> _How to complete this task_
Transcribe the listing verbatim. Do not carry over any pictures.
[[ Data block, beginning ]]
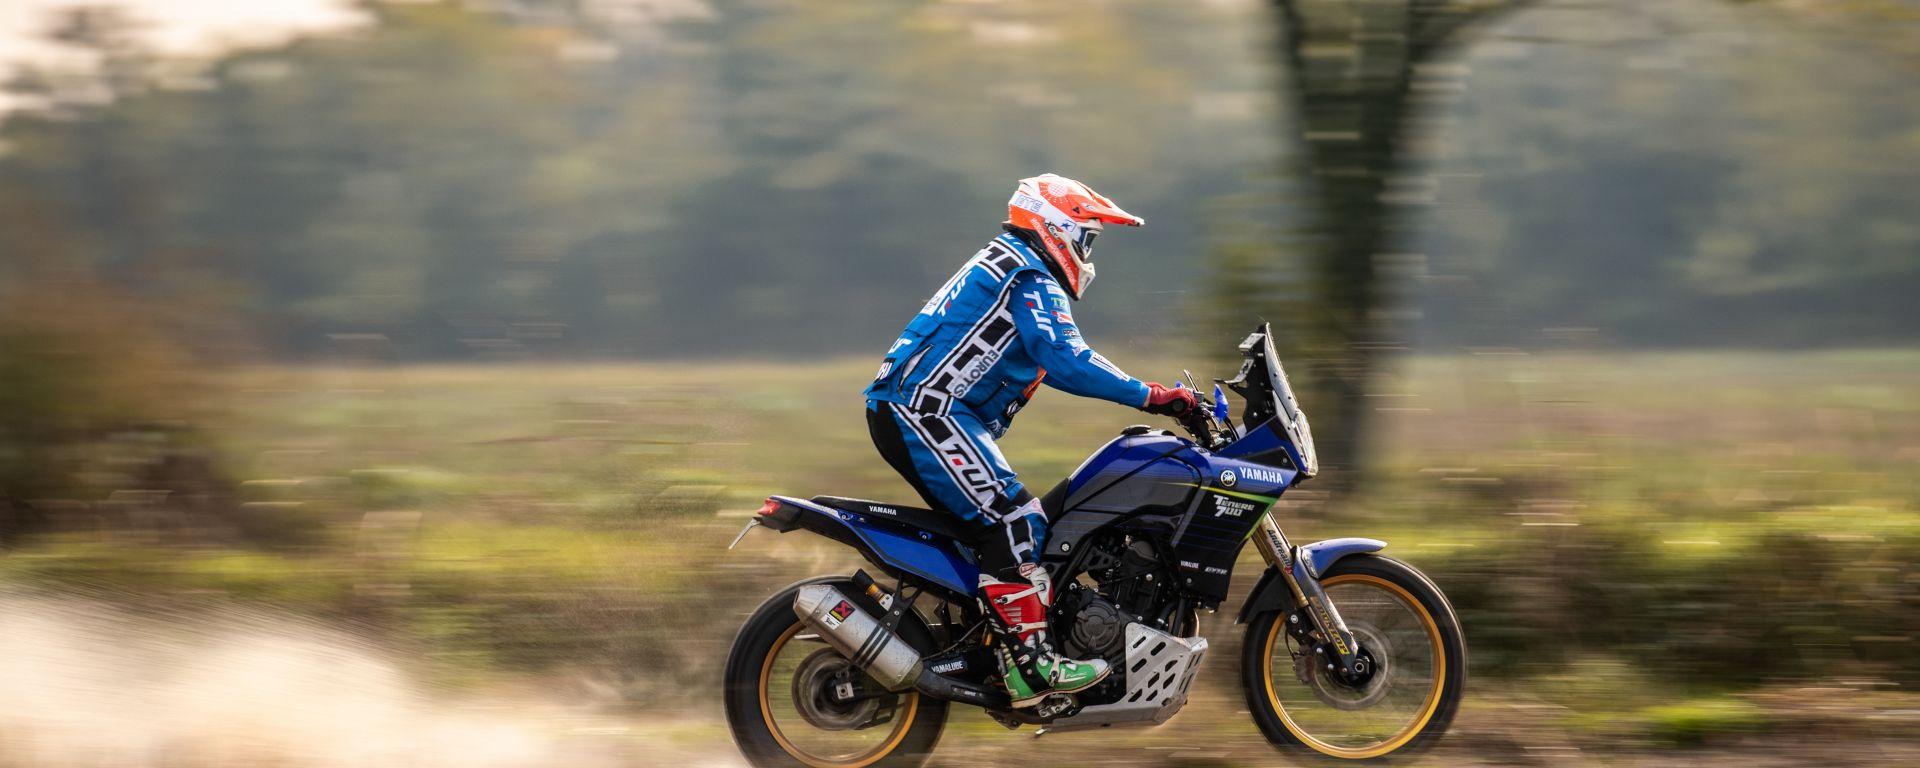 Yamaha Ténéré Challenge, l'animo racing della Ténéré
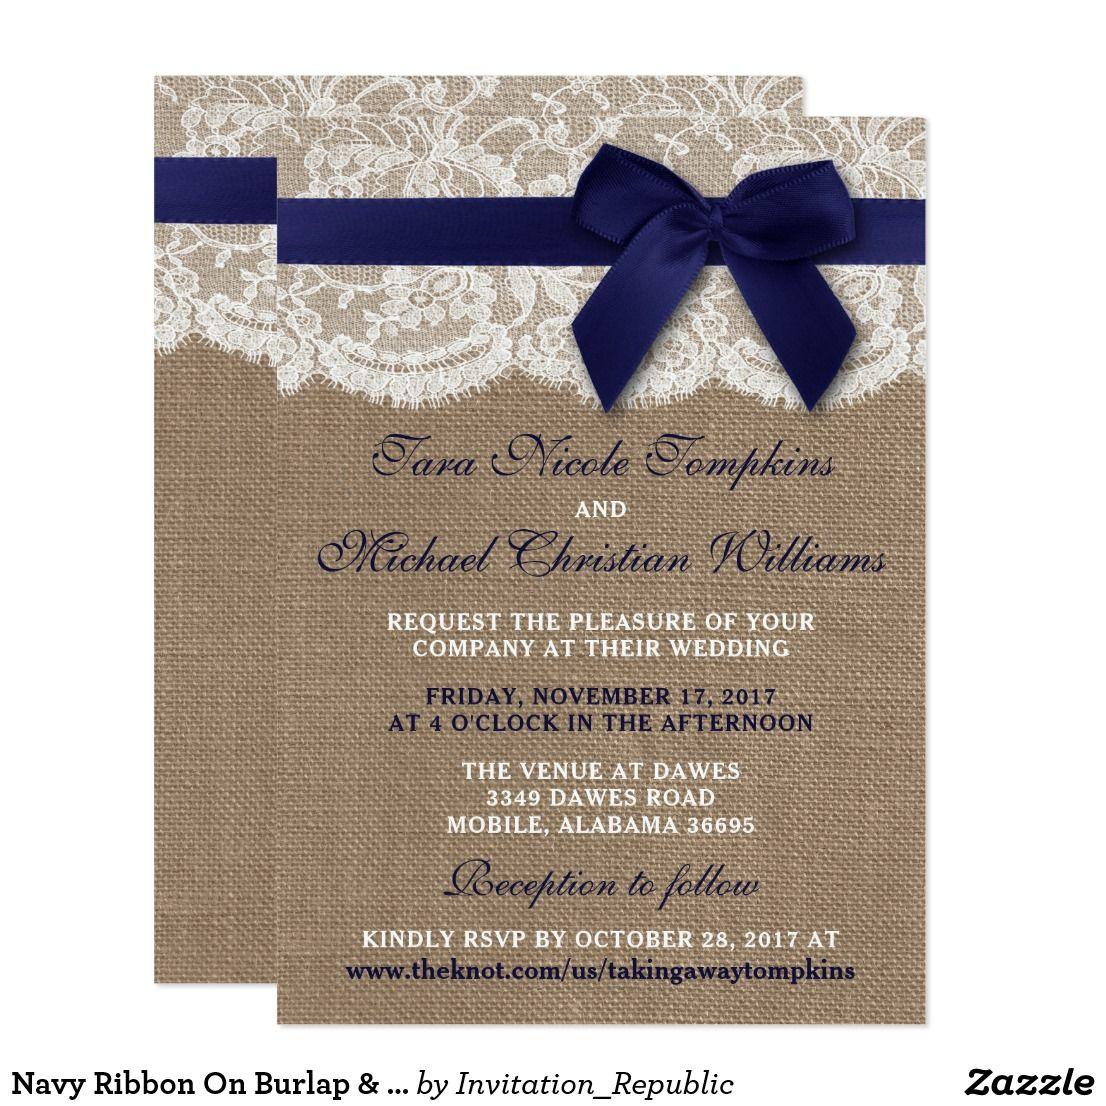 Navy Ribbon On Burlap Lace Wedding Invitation Zazzle Com Burlap Lace Wedding Invitations Burlap Lace Wedding Wedding Invitations Diy
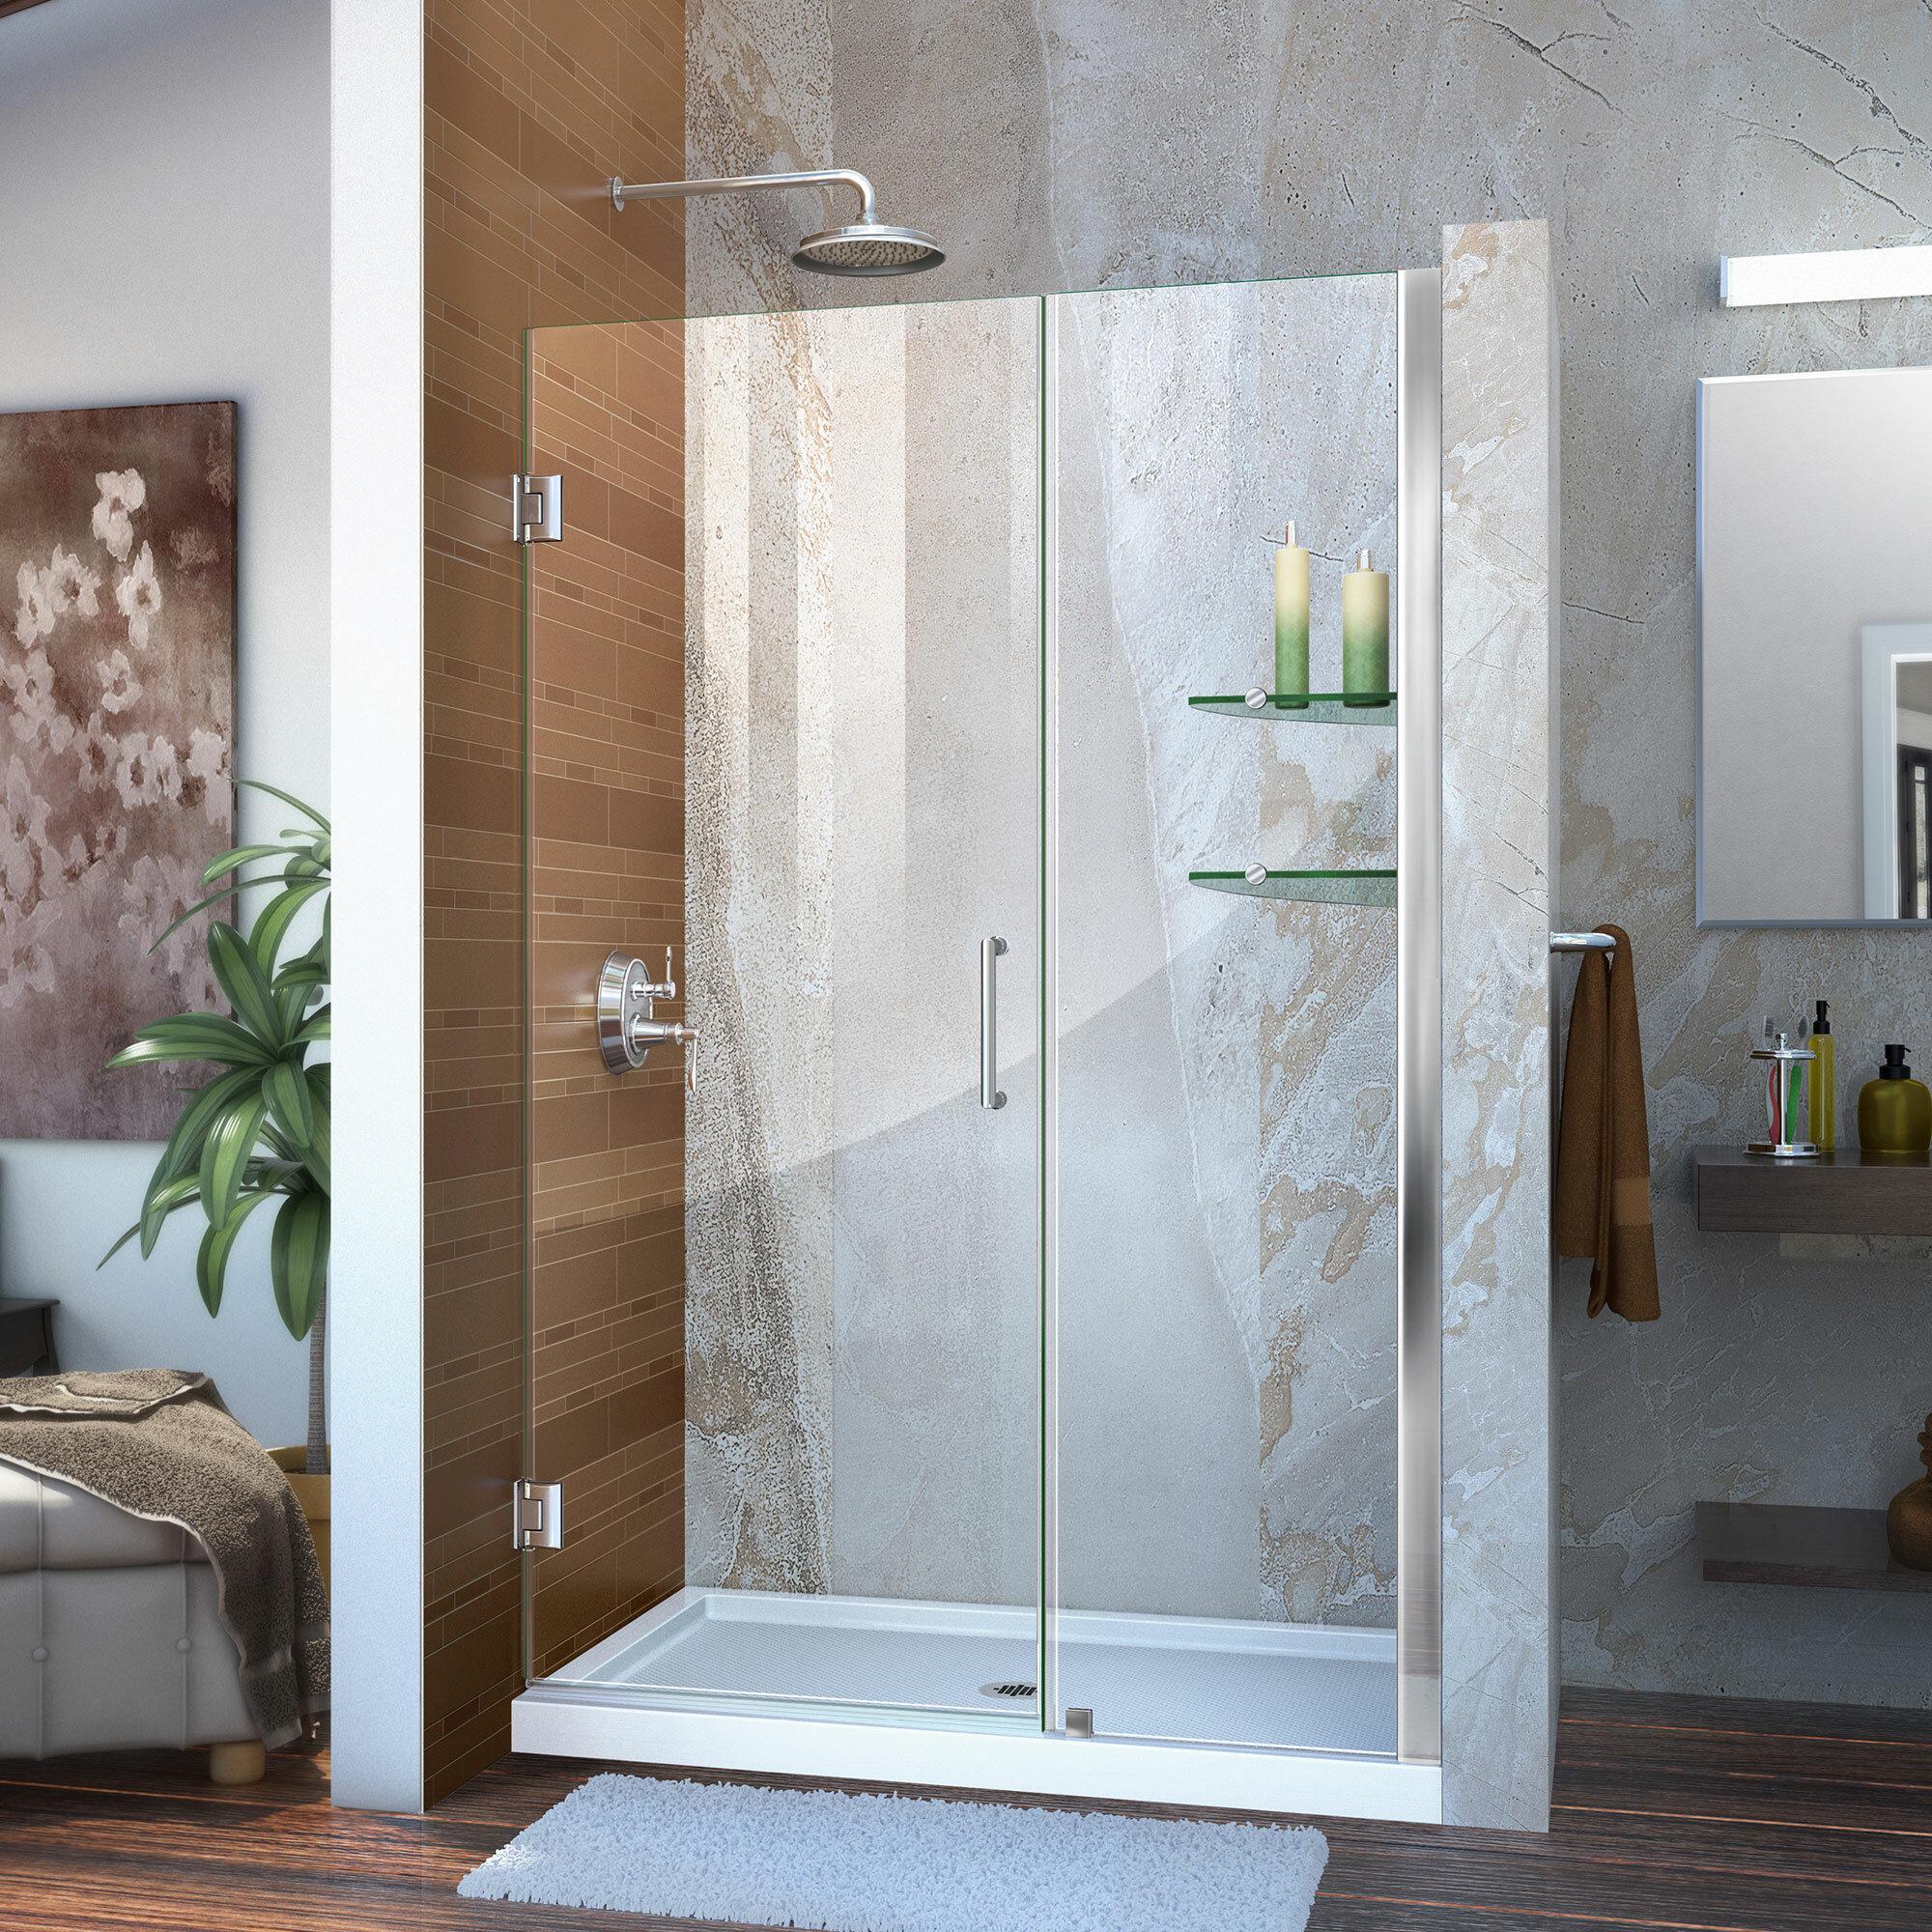 Unidoor 46 X 72 Hinged Frameless Shower Door With Clearmax Technology
[[ Data block, end ]]
> _Answer area_
 Yamaha Ténéré Challenge, l'animo racing della Ténéré
 Navy Ribbon On Burlap Lace Wedding Invitation Zazzle Com Burlap Lace Wedding Invitations Burlap Lace Wedding Wedding Invitations Diy
 Unidoor 46 X 72 Hinged Frameless Shower Door With Clearmax Technology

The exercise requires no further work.